The prolific US blogging editor who writes anonymously at Editorial Ass makes a valuable point: the biggest chain around the necks of book publishers, is that almost all bookshops operate on sale or return.
This leads to bizarre accounting practices and business difficulties for publishers. It means, for instance, that an author can get a negative royalty statement, because the publisher has had more returns than books sold (and it has to pay the bookshops back for those returned books). Thankfully the author isn't expected to pay back negative royalties, but it's still quite a blow to the ego.
Many publishers now hold back a portion of a book's earnings to cover the initial returns before handing these over as royalties - again, more accounting confusion.
The blog mentioned above reckons sale or return is why some publishers seem to be in financial difficulties despite sales holding up - because booksellers did a much larger than usual return of books to be able to stock up with shiny new stuff for Christmas.
Bookshops argue that sale or return is essential - without it, they say, they wouldn't be able to take a risk on new writers.
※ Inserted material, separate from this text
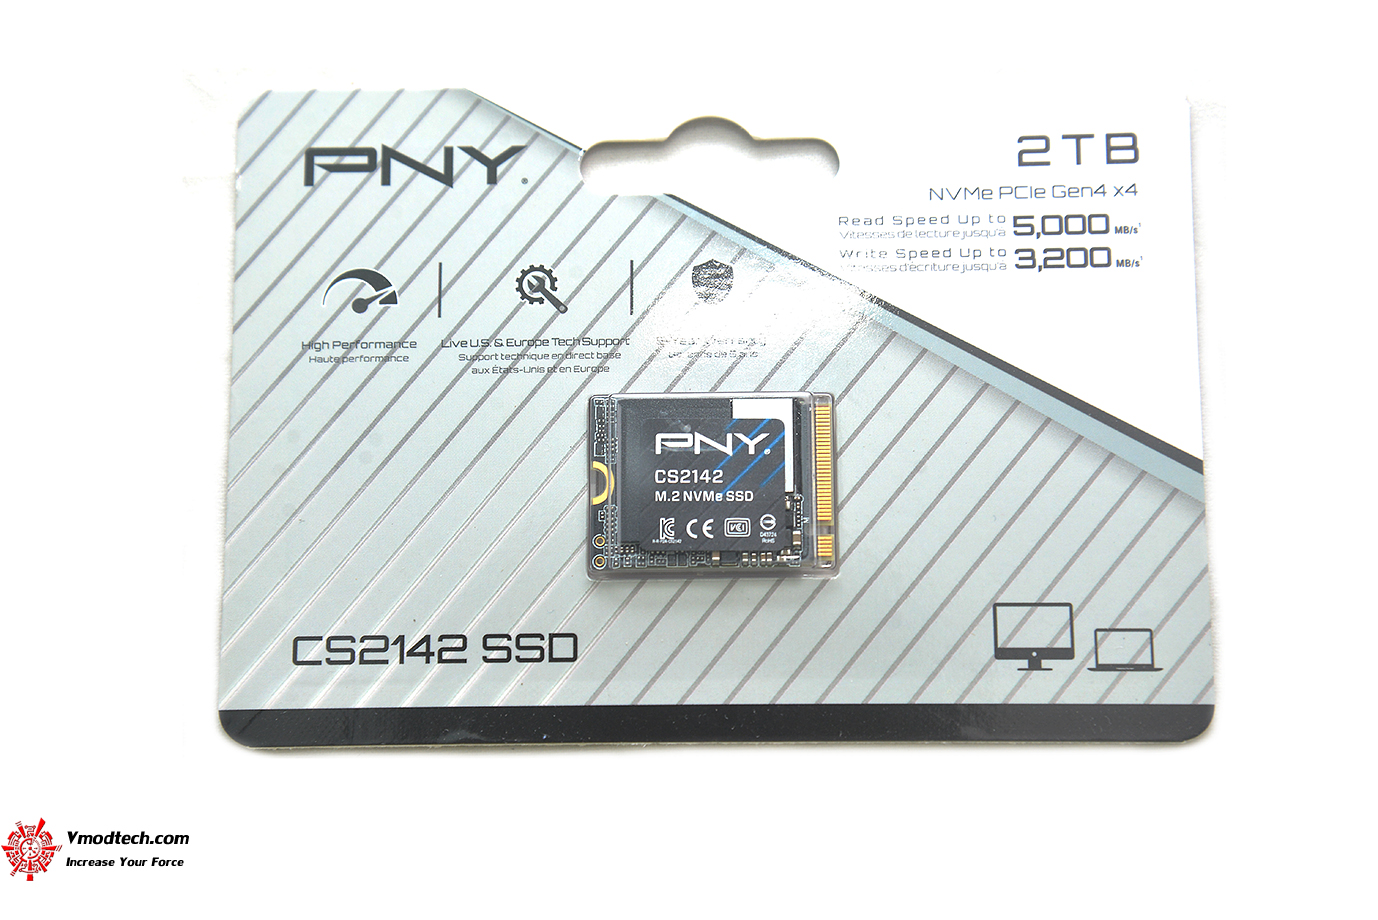 dsc 7313 PNY CS2142 M.2 2230 NVMe Gen4x4 SSD 2TB Review
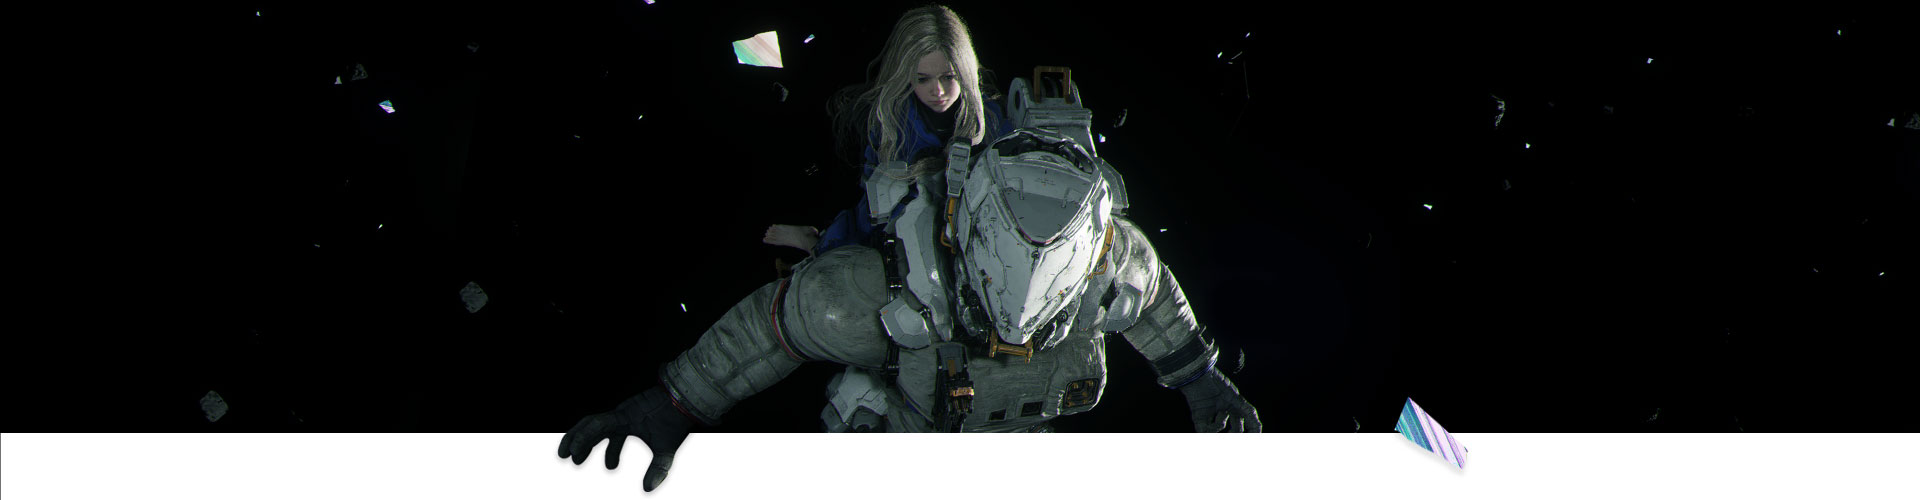 Dziewczynka i astronauta dryfują razem w przestrzeni kosmicznej

But to be honest the chains don't take many risks anyway, and it's a system that makes the whole accounting system much more complicated, and can endanger publishers' business survival.
Should it be scrapped? To an extent it's academic. Publishers can't see a way out of it, because anyone who dropped it would be ignored by the booksellers, and they aren't able to act in unison (even though they seem to be able to do this over age banding, an issue I'll come onto another time). It probably won't change any time soon.